EU-Kommission stellt "Kompass für Wettbewerbsfähigkeit" vor
Starker Fokus der EU auf die wirtschaftliche Transformation hin zu mehr Wettbewerbsfähigkeit – "Kompass für Wettbewerbsfähigkeit" beruht auf 3 Schlüsselbereichen: Innovation, Dekarbonisierung und Sicherheit und soll in den nächsten 5 Jahren seine Wirkung entfalten

Nach Angaben der Europäischen Kommission fiel Europa in den vergangenen 2 Jahrzehnten bei den Produktivitätszuwächsen gegenüber anderen großen Volkswirtschaften weltweit zurück. Um diesen Trend umzukehren und die EU wirtschaftlich weiterhin zu stärken, stellte die Europäische Kommission am 29. Januar 2025 den "Kompass für Wettbewerbsfähigkeit" vor. Dieser Kompass soll als Leitfaden für die Amtszeit der neuen Europäischen Kommission dienen und damit die Grundlage zur Stärkung der europäischen Wettbewerbsfähigkeit bilden.

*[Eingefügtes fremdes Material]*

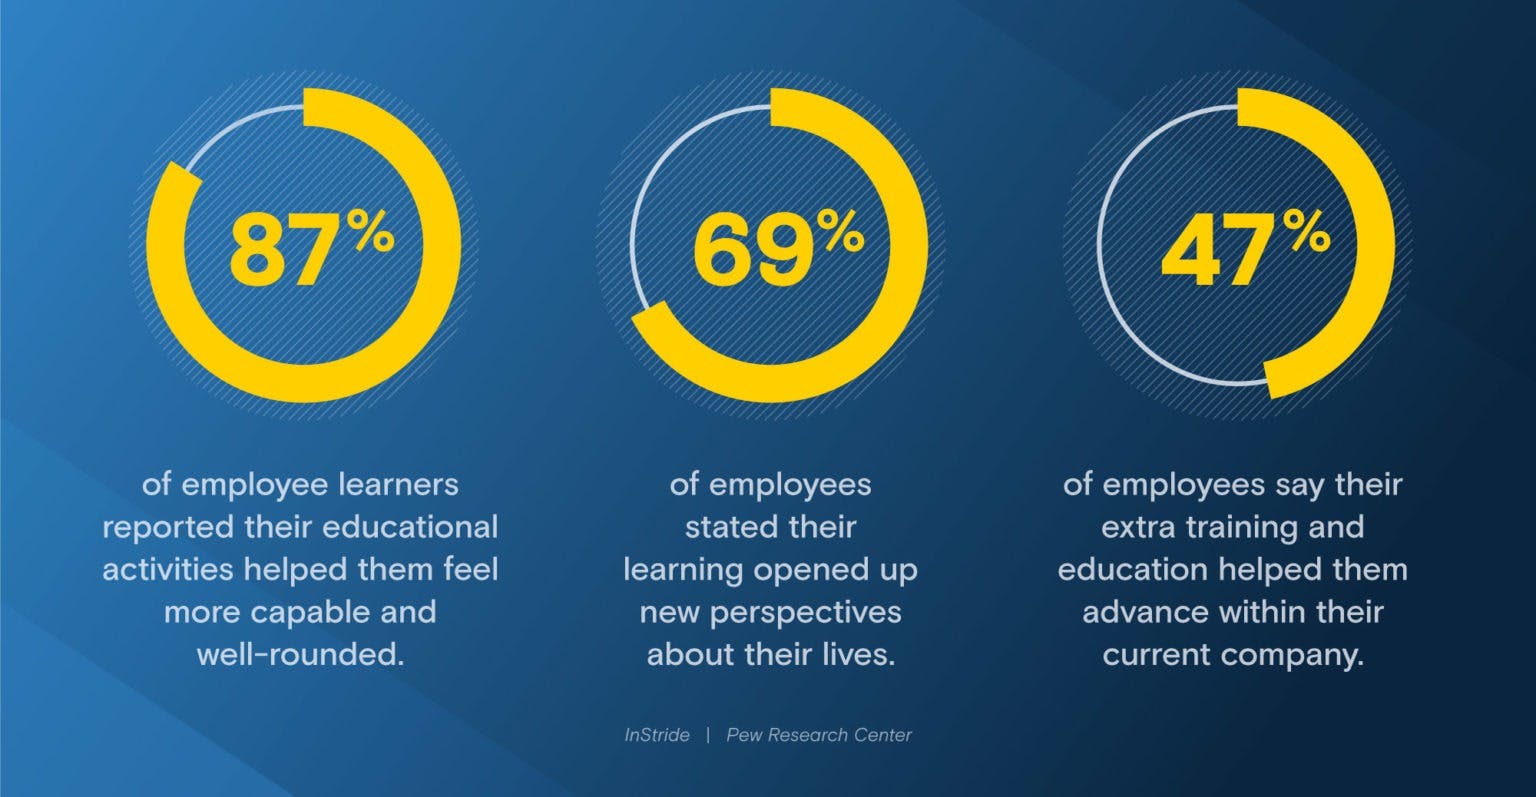 statistics about employee learning and education

Die Mitteilung listet beispielhaft Maßnahmen und Initiativen für die nächsten Jahre auf. Die Europäische Kommission betont dabei die Ziele des "European Green Deal" nicht aufzuweichen, vielmehr nur die Transformation schneller und effizienter mit richtigen Anreizen für marktgesteuerte und technologieneutrale Lösungen erreichen zu wollen.
Kommissionspräsidentin Ursula von der Leyen: "Die Welt wartet nicht auf uns"
Kommissionspräsidentin Ursula von der Leyen betonte anlässlich der Präsentation zu den Herausforderungen, denen sich die EU im globalen Wettbewerb stellen müsse:
"Europa hat alles, was es braucht, um bei diesem Rennen zu gewinnen. Gleichzeitig müssen wir jedoch unsere Schwächen überwinden und wieder wettbewerbsfähig werden. Der 'Kompass für Wettbewerbsfähigkeit' macht aus den hervorragenden Empfehlungen des 'Draghi-Berichts' einen Fahrplan. Unser Plan steht also. Wir haben den politischen Willen. Jetzt kommt es auf Geschwindigkeit und Einigkeit an. Die Welt wartet nicht auf uns. Darin sind sich alle Mitgliedstaaten einig. Nun wollen wir diesem Konsens Taten folgen lassen."
Stéphane Séjourné, Exekutiv-Vizepräsident der Kommission und für Wohlstand und Industriestrategie zuständig, erklärte:
"Mit dem Kompass legt die Kommission ihre Wirtschaftsstrategie für die nächsten 5 Jahre vor. Diese Strategie ist einfach und lässt sich in einem Schlüsselwort zusammenfassen: Wettbewerbsfähigkeit. Wettbewerbsfähigkeit als Kriterium in jedem Euro, den wir ausgeben werden, und in jeder Initiative, die wir vorschlagen werden. Aus diesem Anspruch ergibt sich ein Arbeitsprogramm mit 3 Schwerpunkten: Vereinfachen, investieren und bei unseren wirtschaftlichen Prioritäten schneller werden. Von diesem Kompass muss für Europa und die Europäerinnen und Europäer ein Signal des Umdenkens ausgehen. Europa wird damit berechenbarer und hält gleichzeitig Kurs bei unserem europäischen Modell – dekarbonisiert, sozial und im Einklang mit unseren Werten."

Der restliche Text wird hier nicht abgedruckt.